*Problem statement*.
Taking the data below, please print only the lines from the line holding "The Vintage Logo & Badge Collection" to the line holding "vitamin well recover", inclusive, with pictures omitted.

*Data to examine*.
....................

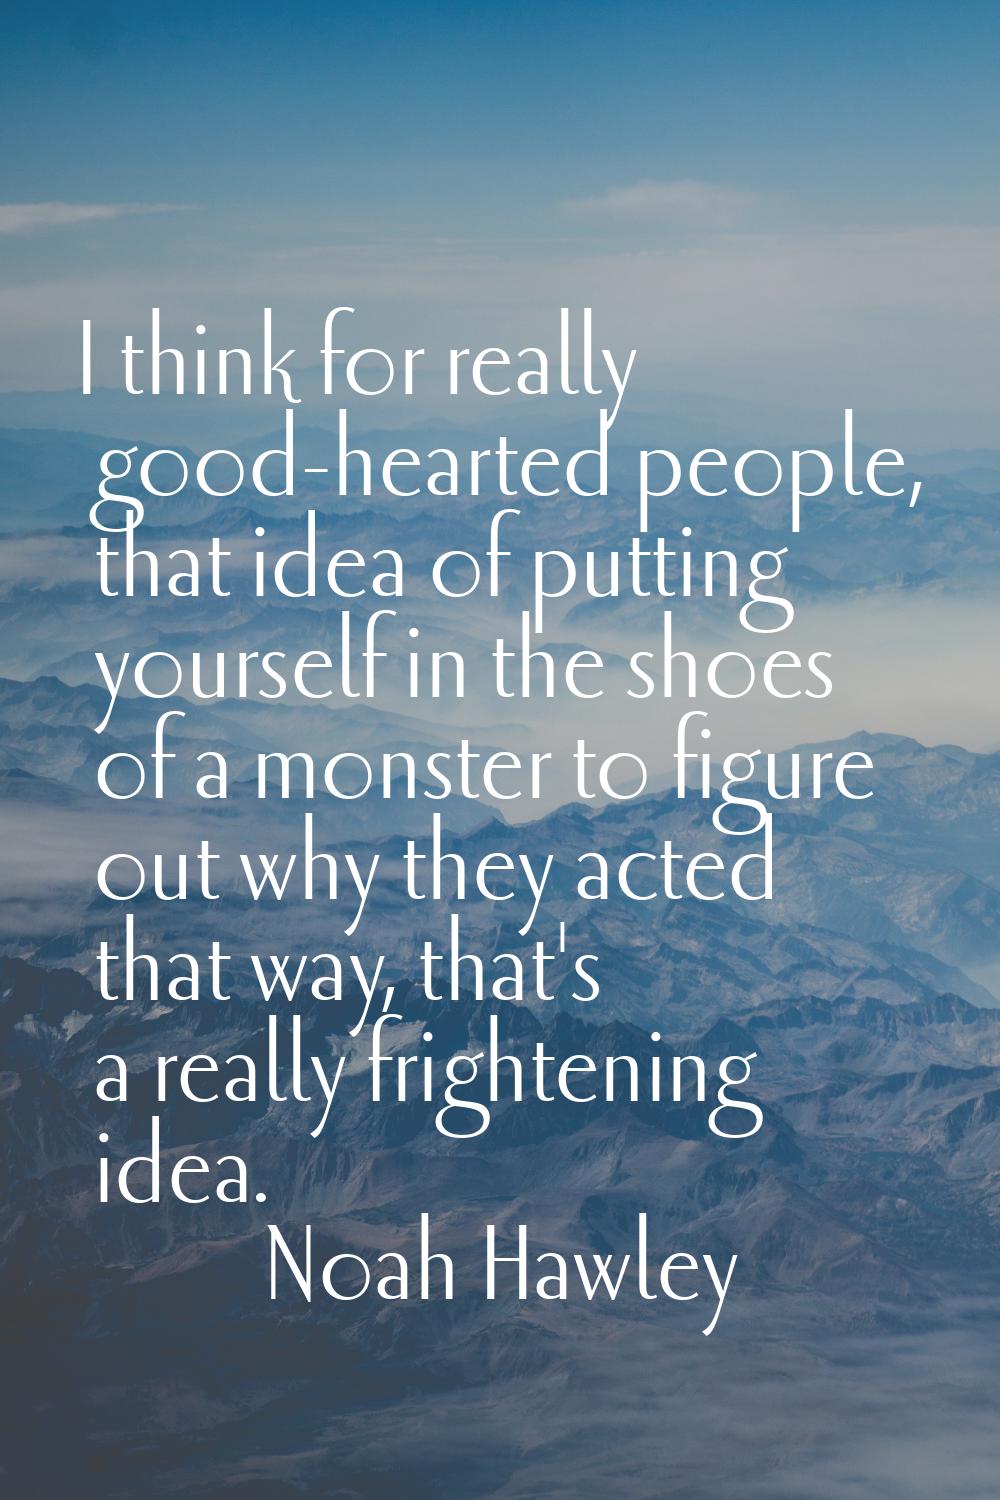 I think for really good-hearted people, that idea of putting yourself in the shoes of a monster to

....................

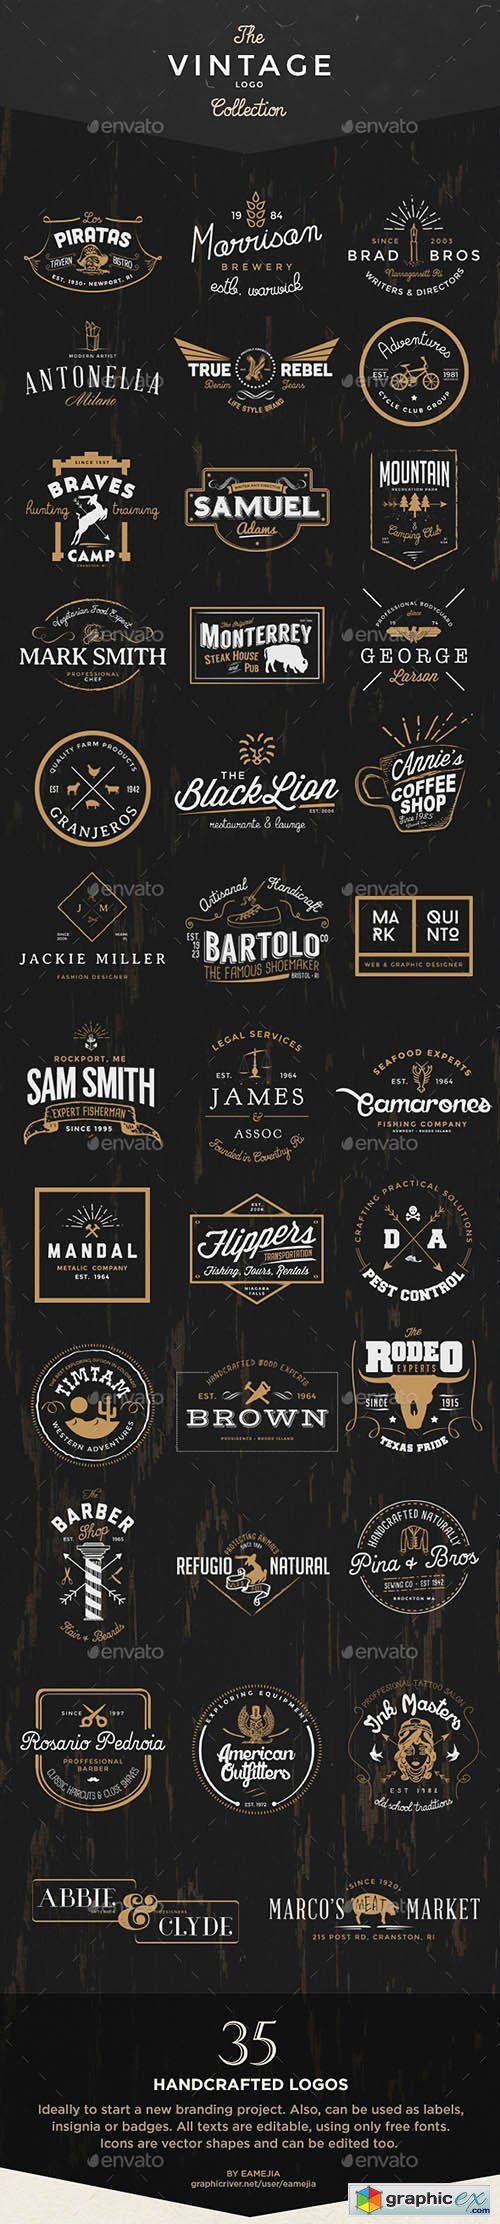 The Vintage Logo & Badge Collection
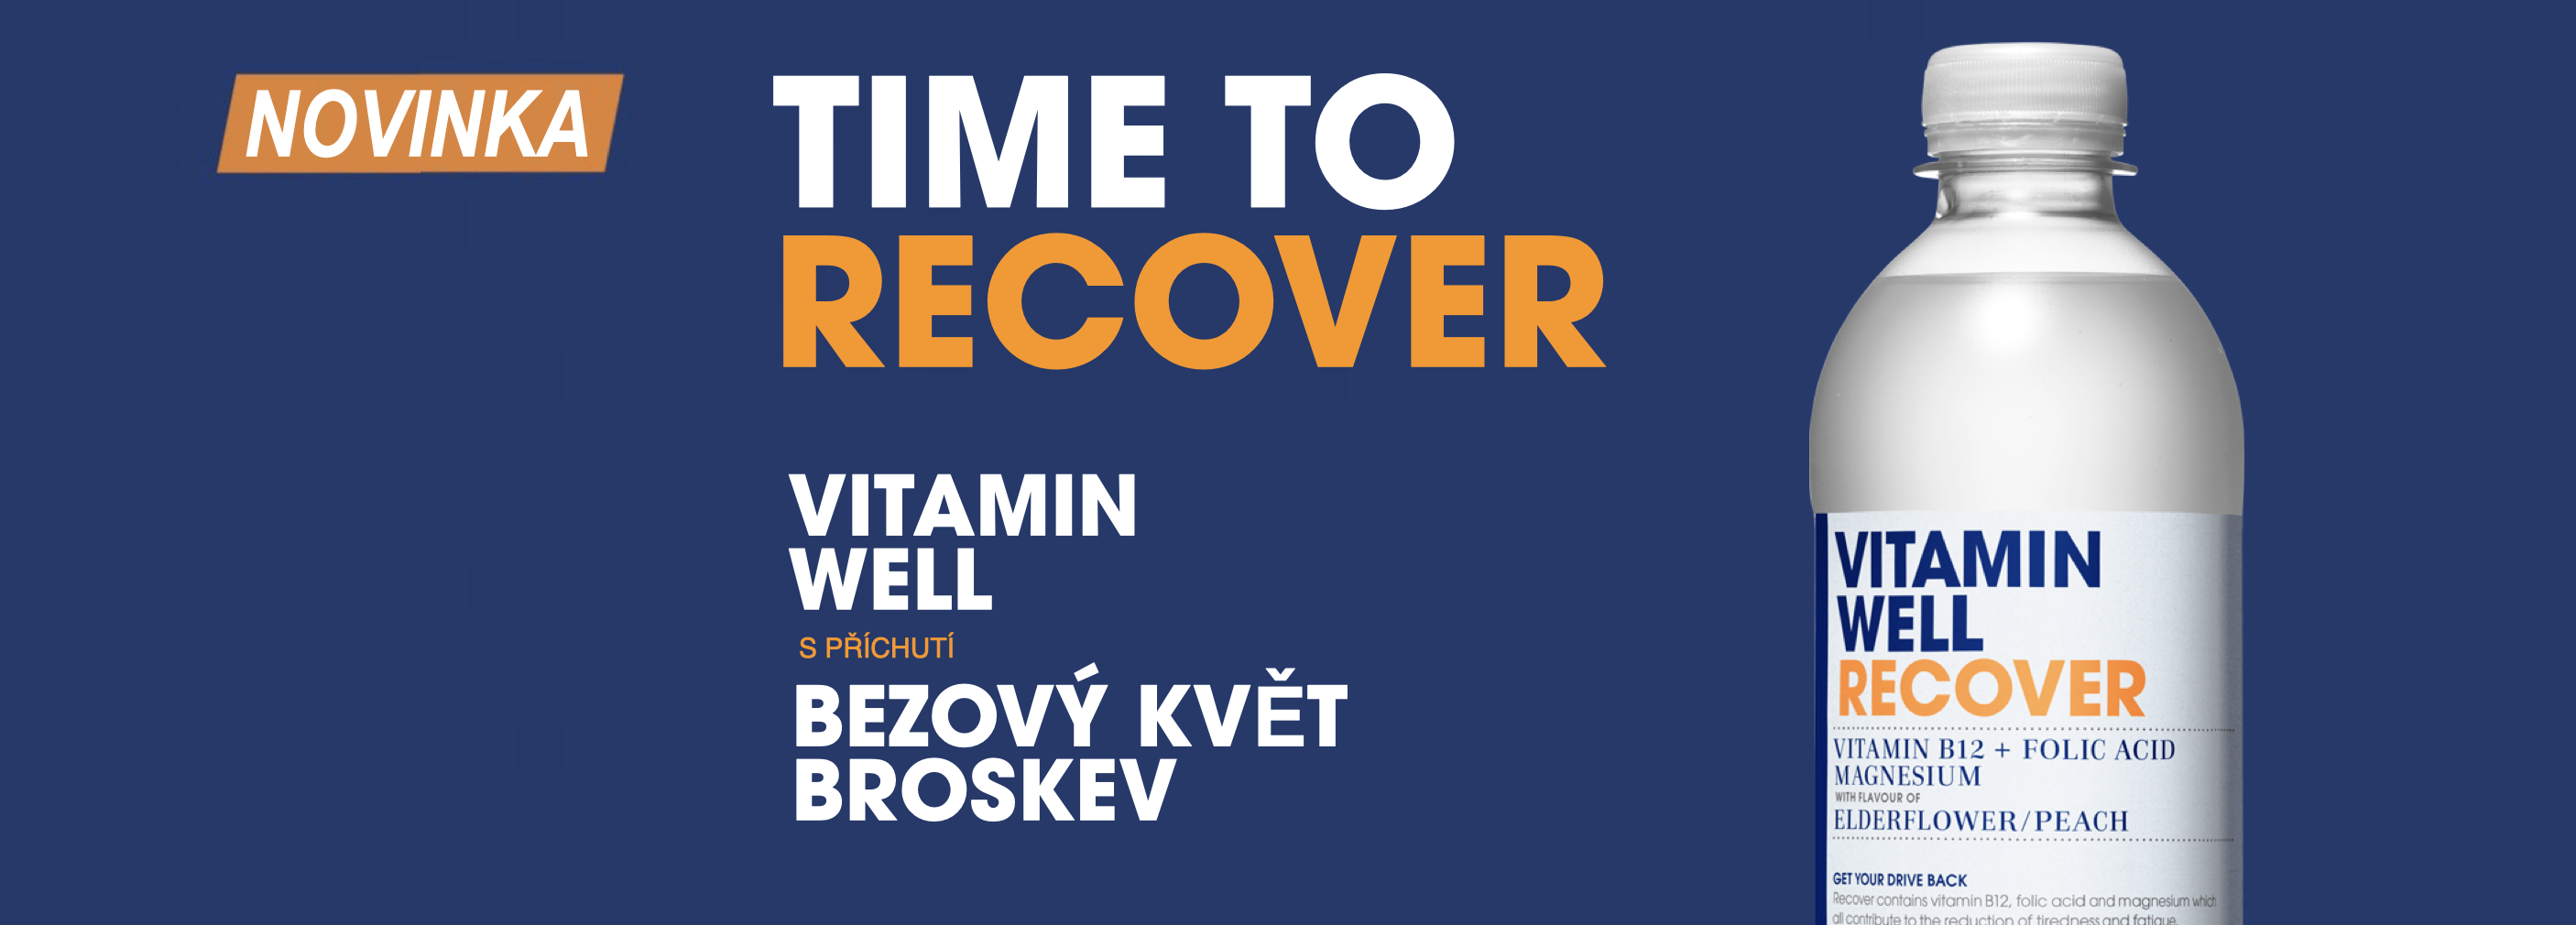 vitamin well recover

....................

*Answer for this exercise*.
 The Vintage Logo & Badge Collection
 vitamin well recover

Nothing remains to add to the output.